Today, the local paper published an article stating that the midwife suspended following the tragic death in March 2016 had now been sacked by the trust:

 “Following a disciplinary hearing, the member of staff has been dismissed as the panel felt her conduct fell fundamentally below our acceptable standards.”

 I do not know the clinical circumstances involved or whether the midwife’s conduct which the trust say ‘fell fundamentally below… acceptable standards’ was a factor in the tragic outcome (the trusts statement doesn’t make this clear).
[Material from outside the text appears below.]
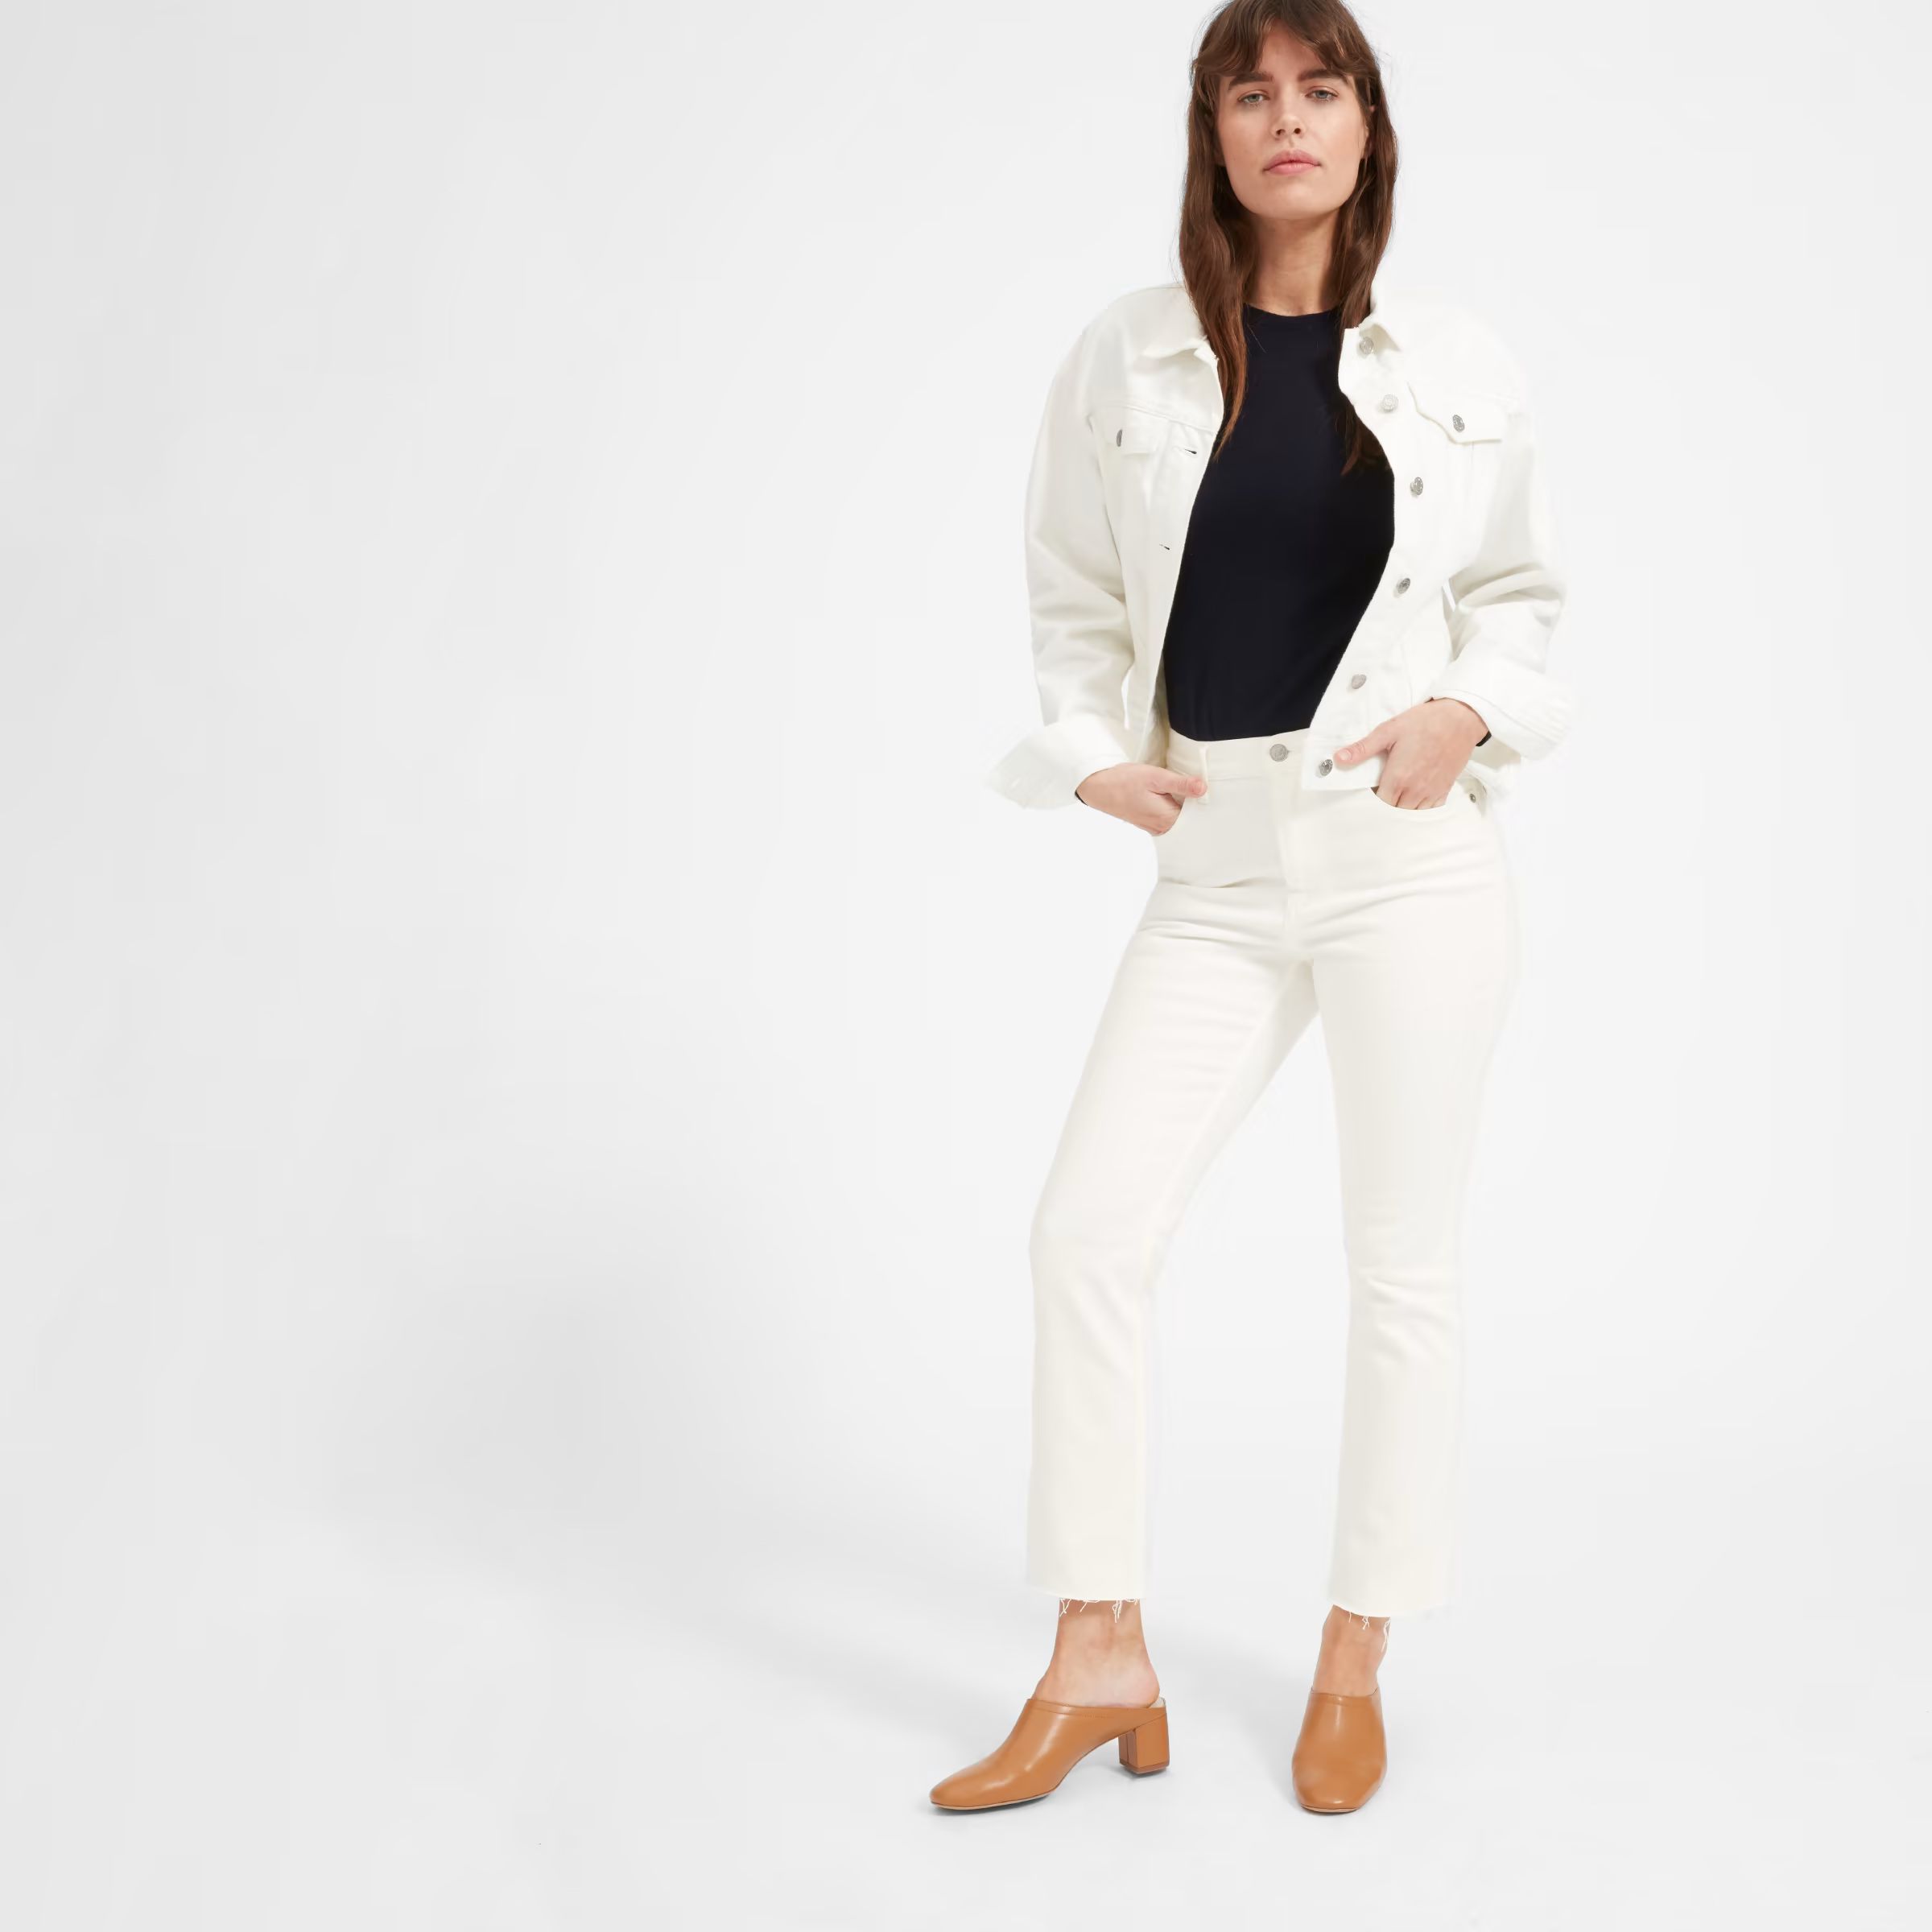 DetailsMacara is 5'9", size 2, wearing a 26Fits slim through the thigh and leg, with a slight fla... | Everlane

I do know that Joshua died a terrible and truly preventable death, that my family and I were not told the truth about what happened and that the NMC have failed to take any action despite these circumstances for almost 8 years. I also know that had the NMC implemented the recommendations of the Kirkup review with anything like the expediency that was clearly needed, these hearings would have been completed long before March 2016.

 I can not help but feel deeply sad about these circumstances. I am worried that the NMC are continuing to fail to protect mothers and babies and I believe that urgent changes are needed to ensure that professional regulation of midwives and nurses is fit for purpose.